Instructions for the task => Leave out the images and repeat the listing below without a single change.

Given information =>

• • • • •

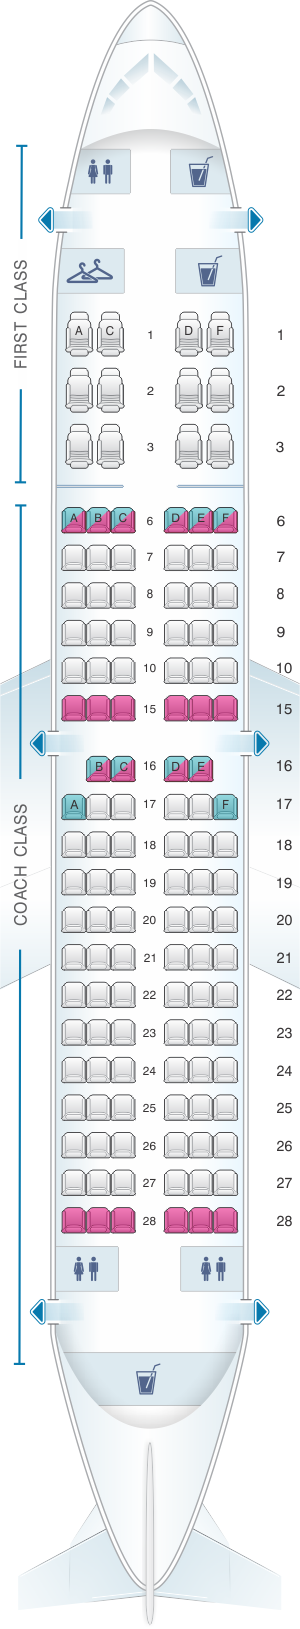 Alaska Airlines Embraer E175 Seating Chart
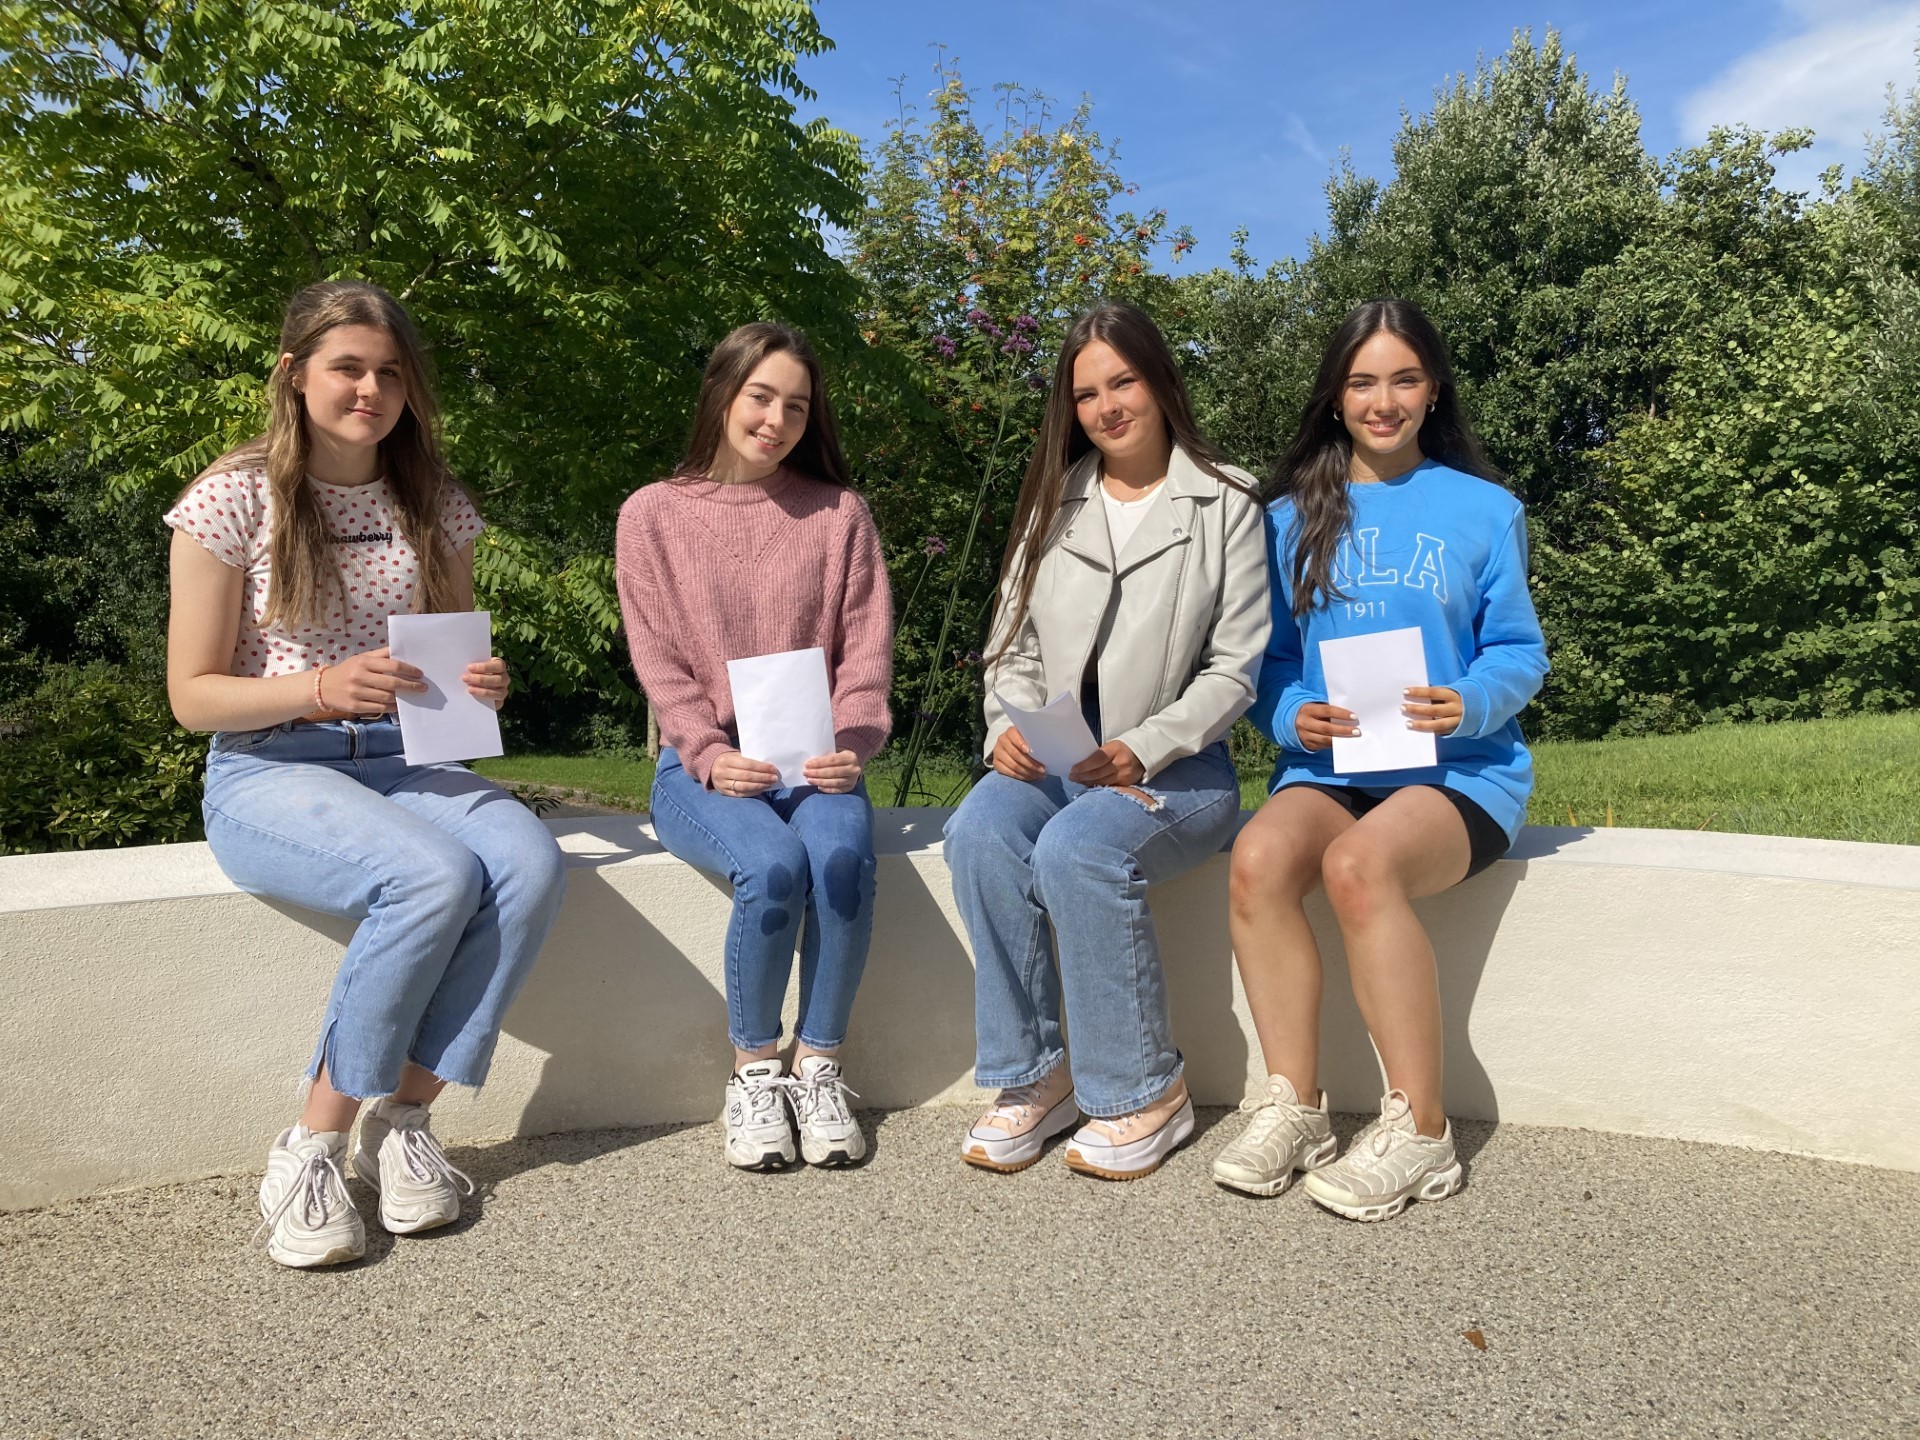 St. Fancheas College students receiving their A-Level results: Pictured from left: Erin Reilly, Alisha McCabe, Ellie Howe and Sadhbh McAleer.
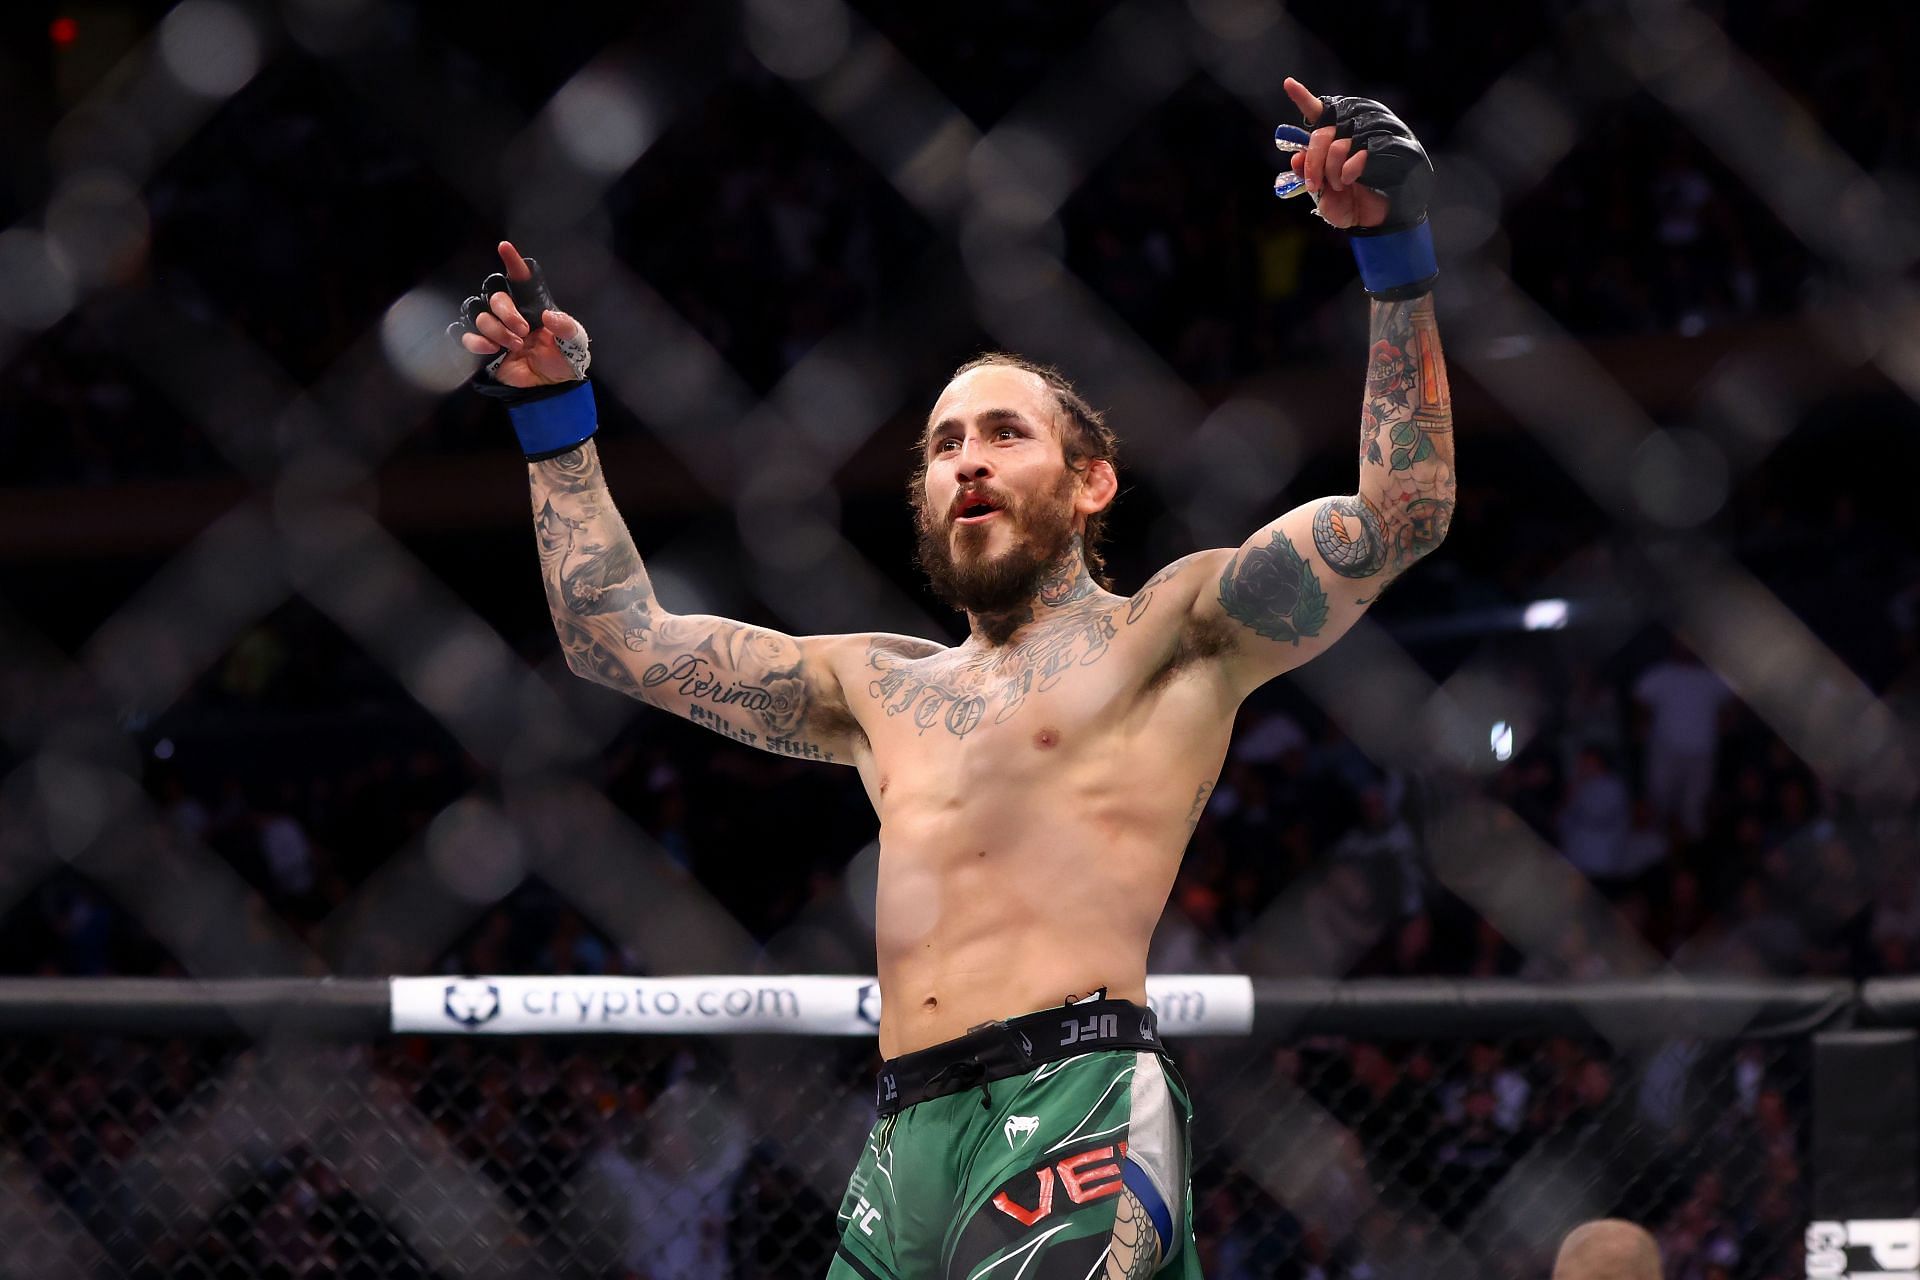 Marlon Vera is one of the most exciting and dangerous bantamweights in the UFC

• • • • •

Output for this exercise =>
 Alaska Airlines Embraer E175 Seating Chart
 St. Fancheas College students receiving their A-Level results: Pictured from left: Erin Reilly, Alisha McCabe, Ellie Howe and Sadhbh McAleer.
 Marlon Vera is one of the most exciting and dangerous bantamweights in the UFC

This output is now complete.